Saturday, July 11, 2009

Still Cobol after all these years

It may not have a Paul Simon soundtrack, but I found something poignant about a column Friday marking the 50th anniversary of Rear Admiral Grace Hopper’s second greatest† contribution to mankind, the COmmon Business Oriented Language.

Yes, the column was a self-serving plug by the last remaining COBOL vendor. But it was also a reminder of the economic role of trailing edge technology, and the distortions of judging what’s important by what gets headlines.

As Stephen Kelley, the CEO of MicroFocus summarized in the FT:

Today, Cobol is everywhere, yet is largely unheard of among the millions of people who interact with it on a daily basis. Research shows that people, on average, still use Cobol 10 times every day in the UK: using an ATM, stopping at traffic lights or purchasing a product online.

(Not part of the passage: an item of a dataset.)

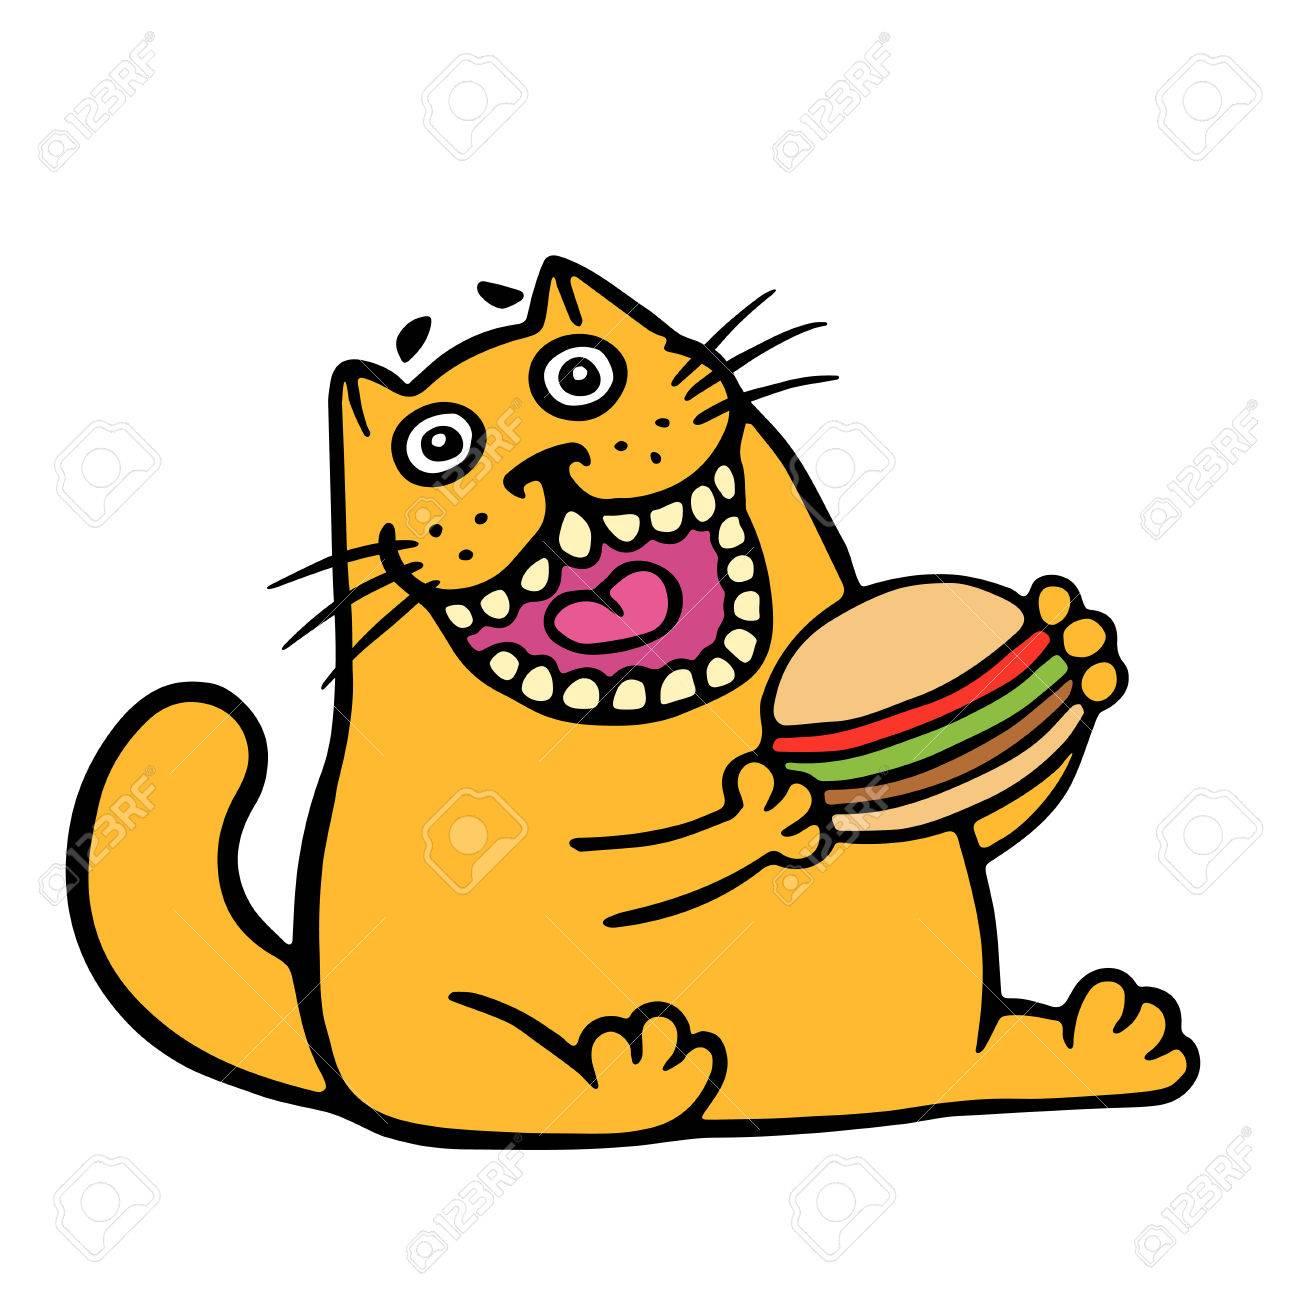 1300x1300 Cartoon Orange Cat Is Eating A Hamburger. Funny Cool Character

There are more than 220bn lines of Cobol in existence, equating to around 80 per cent of the world’s actively used code. There are 200 times as many Cobol transactions each day than Google searches – a figure which puts the influence of Web 2.0 into stark perspective.

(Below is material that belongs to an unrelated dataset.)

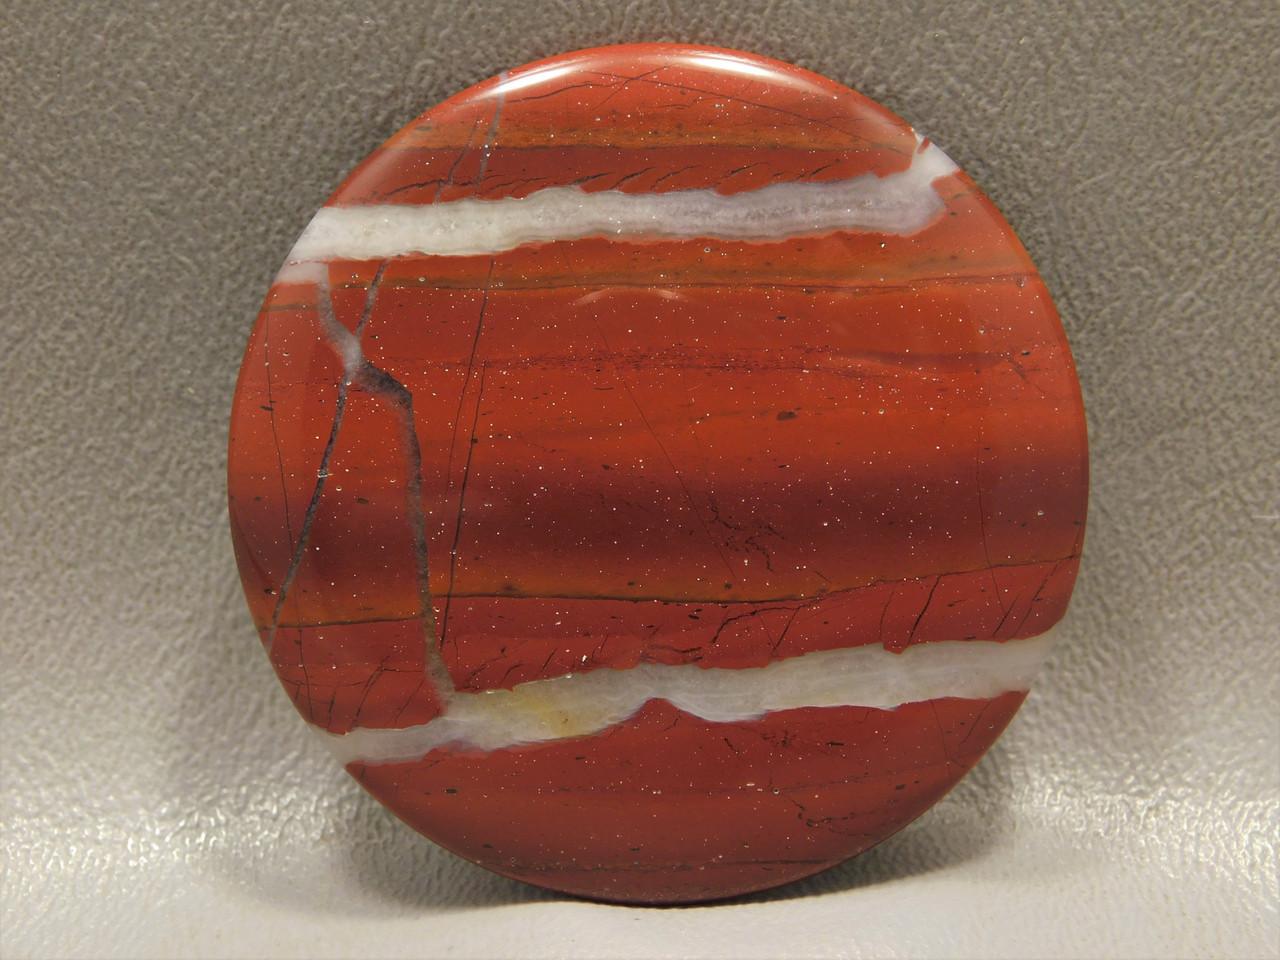 Red White Striped Jasper Cabochon Semi Precious Gemstone #11

Its versatility has also played a part in its abundance and longevity. Applications first developed to run on IBM System 700 mainframes are now being readied for an Amazon or Microsoft cloud computing platform.
Rather than versatility, I might say something about legacy code and switching costs, but perhaps that’s the cynic in me.

Not surprisingly, Kelley has a self-interested plug for industry/academia cooperation:
With many computer science students opting to learn web 2.0 skills, and many of those who are proficient in Cobol reaching retirement age, its success and longevity are almost proving a hindrance to its long-term survival.

Ensuring Cobol remains a key part of the IT skills set must be a priority for business, government and academia alike, as the effects of a serious shortage could be disastrous. The cost of re-writing Cobol programs is estimated at around $25 per line (with more 200bn lines in existence).
I’m not sure I’d recommend Cobol classes to a bright high school student, but I’d bet it has more job security for marginal programmers than editing HTML or writing Perl scripts. Nothing poignant or sentimental there.

† Most computer scientists would agree that inventing the compiler is of more lasting significance than creating any particular higher-level language.